生活不会一直平静下去,波涛汹涌的扼杀到底叫人喘不过气,萧若元垂着头双手攥紧。
鲜衣小心翼翼地看了一眼苦闷的萧若元,“殿下,若您下不了狠手,那让鲜衣来。”
萧若元抬起头,愣愣地看着她,大声狂笑:“为什么两国的权谋要利用一个女人的性命,你告诉我为什么,王上就这么等不及了?”
鲜衣也有些为难,看了眼窗台上的鸽子,摇了摇头:“王命不可违,殿下三思。”
不可违,不可违,可又该怎么违背自己的心?
萧若元冷笑一声,将桌上的茶水全都掀了:“你这次做什么去了,背着我去鬼先生那里取药,为的是这一出?”
鲜衣一脸惶恐,慌忙下跪,恳切地说道:“殿下,如今您地位尚不稳固,您现今不可出任何差错,不能因为一个北和小姐就扰乱心神了……”
萧若元的眸子瞬间冷的彻骨,伸出手掐住她带有伤痕的脖子,眯着眼慢悠悠地说道:“鲜衣,我怎么觉得你越发俗了……”
鲜衣艰难地喘着气,固执地看着他:“殿下,鲜衣不能看你犯糊涂,朝野上下……本就是……杀机一片……”
他又何尝不了解鲜衣,外表冰冷内心火热,就是个有感情的杀手。他看得出来鲜衣刻意与向沛初保持距离,怕的就是下不去狠手……
“杀机一片,呵,我好不风光的摄政王啊……”萧若元自顾自地傻笑起来,眼里竟是嘲讽。
“我得是多让人看得起,他们这帮老匹夫都想着法子对付我,真是难为他们了……”
这一路可谓磕磕绊绊,他现在的位子也都是父亲的命换来的,多少双饿狼般的眼睛死死盯着他不放……
萧若元松开了鲜衣的脖子,他无奈地坐在地上,像是一个与家里走失的孩子面对着车水马龙慌乱不堪。鲜衣拍着心口吸了几口气,鼓着勇气将一个淡蓝色的药瓶递到他手里:“殿下,儿女情长从来不属于我们,英雄本就是孤独的。”
他紧紧地握着淡蓝色的药瓶,痛苦地合上眼,嘲讽地笑着:“我本以为一切都在我的预料以内,是我沦陷进去了,感情可真是不好把握的一样东西。”
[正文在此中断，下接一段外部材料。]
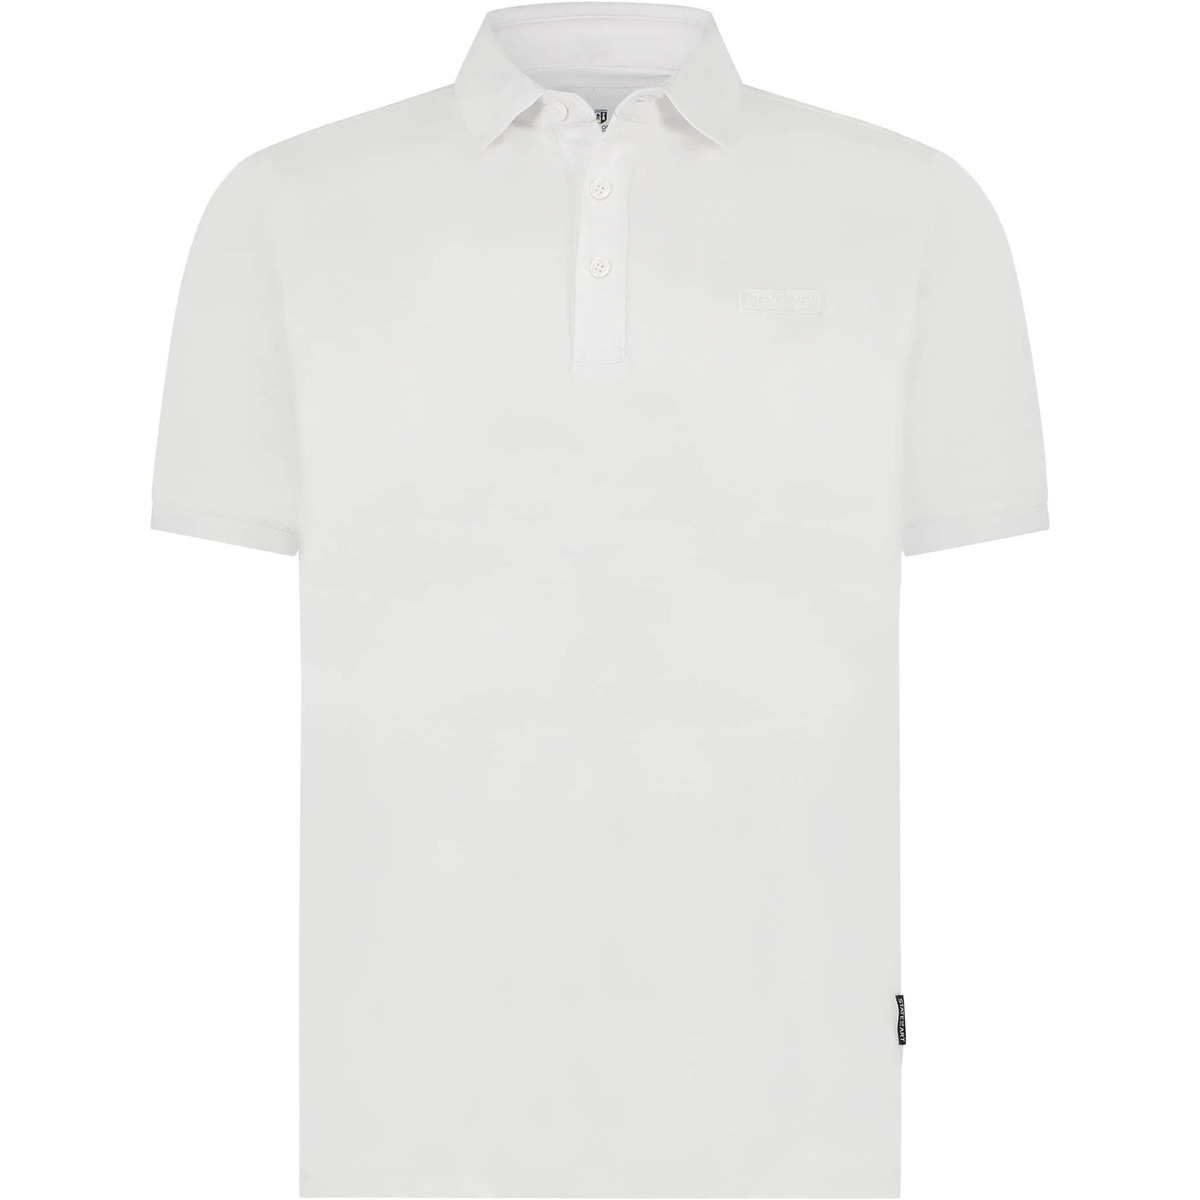 Textiel Heren T-shirts & Polo’s State Of Art Piqué Polo Wit Wit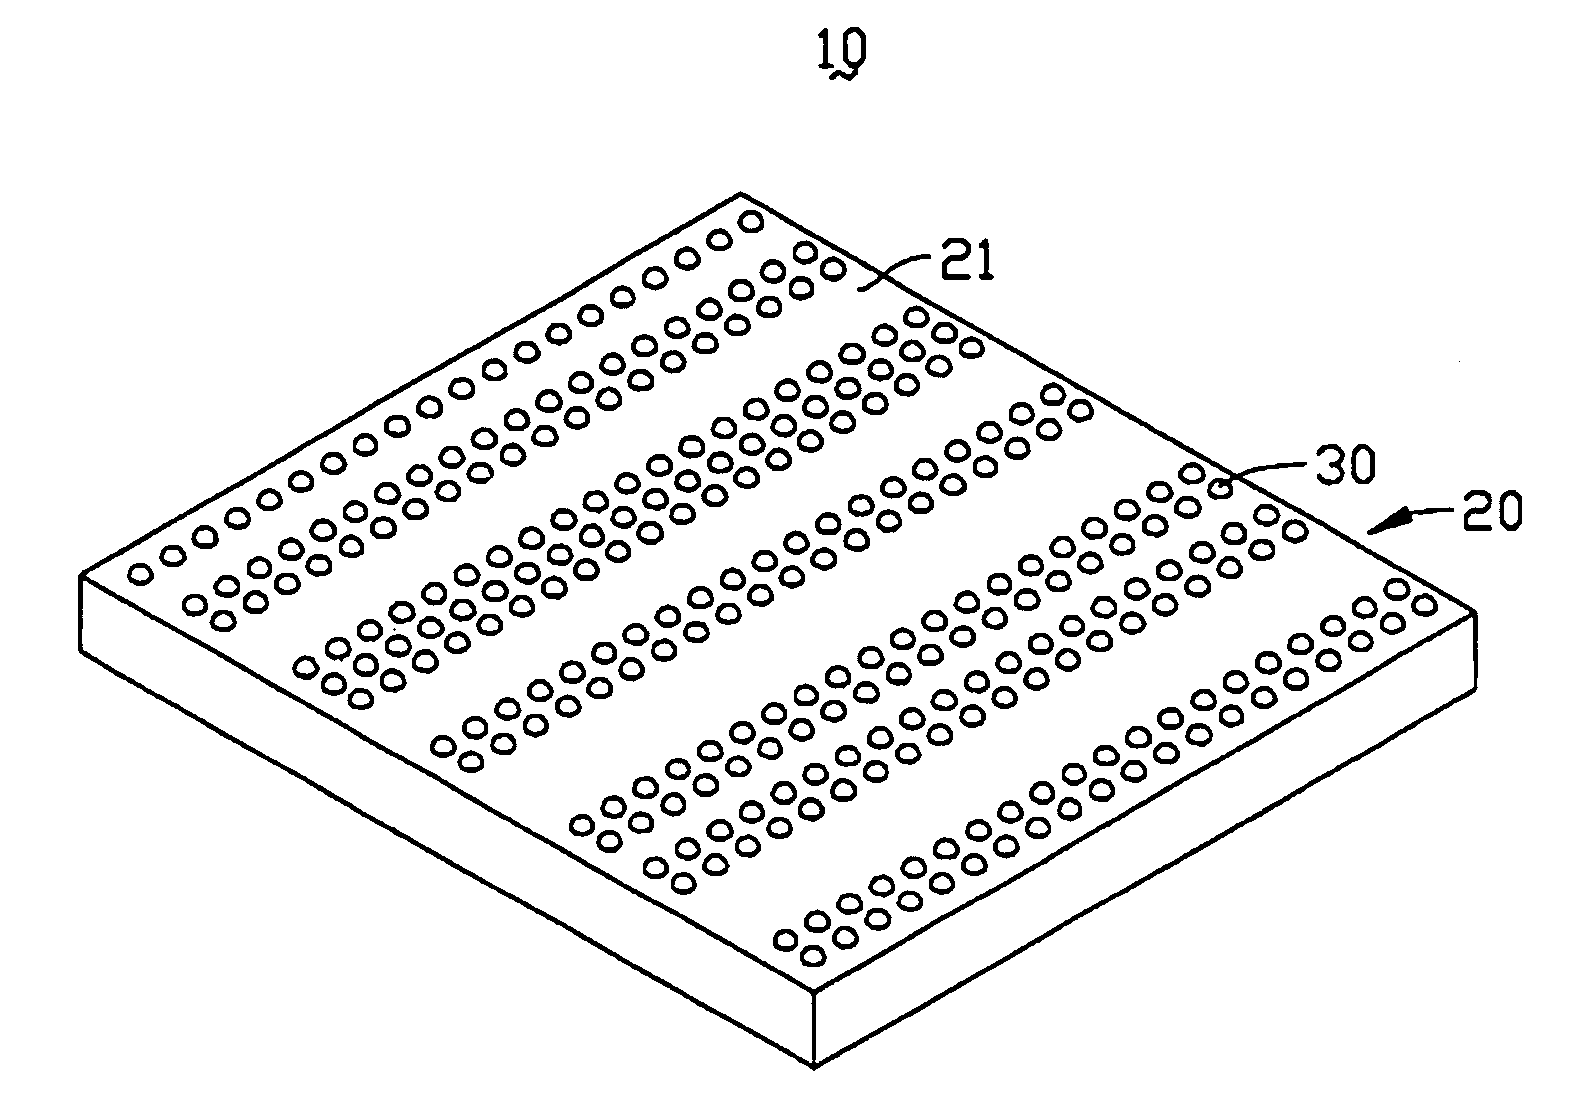 Light guide plate with diffusing protrusions

“鲜衣,你若再不提醒我,恐怕我真的被感情吞噬得骨头不剩了。”
鲜衣神色凝重,咬了咬嘴唇:“如若此事不成,恐怕他们将问罪于您,老夫人怕也会有所牵连……”
一想到年迈的母亲,萧若元的手就不住地颤抖:“我突然想到宋相君说的,像我们这样的人有哪有资格说喜欢,弱者就只有被动选择。”
“我们来北和为的就是拆散他们联姻,最好激化他们之间的矛盾好让我们俨灵获得最大收益,而如今最好的方法就是杀了北和小姐嫁祸天绒,这也是王上的密令。”鲜衣咬着牙说出这段话。
她知道萧若元现在承受不了,可只有强烈的痛苦才能叫他好好清醒,感情用事只会将他推向深渊。
鲜衣心疼地看着他,她伸出手想拍拍他的肩膀安慰他,可到底是退缩了……
殿下,活着是件艰难的事,特别是招惹上感情就一败涂地了……
鲜衣带回来的药无色无味,萧若元将它倒入糕点中,他的手颤抖地厉害。
鲜衣担忧地看着他,小声问道:“殿下,您若不舒服,我替您招呼北和小姐。”
“鲜衣,你看这些糕点多好看多诱人,我瞧着都垂涎三尺了。鲜衣,不如我尝一口好了?”萧若元轻轻地说着,眼里含着笑。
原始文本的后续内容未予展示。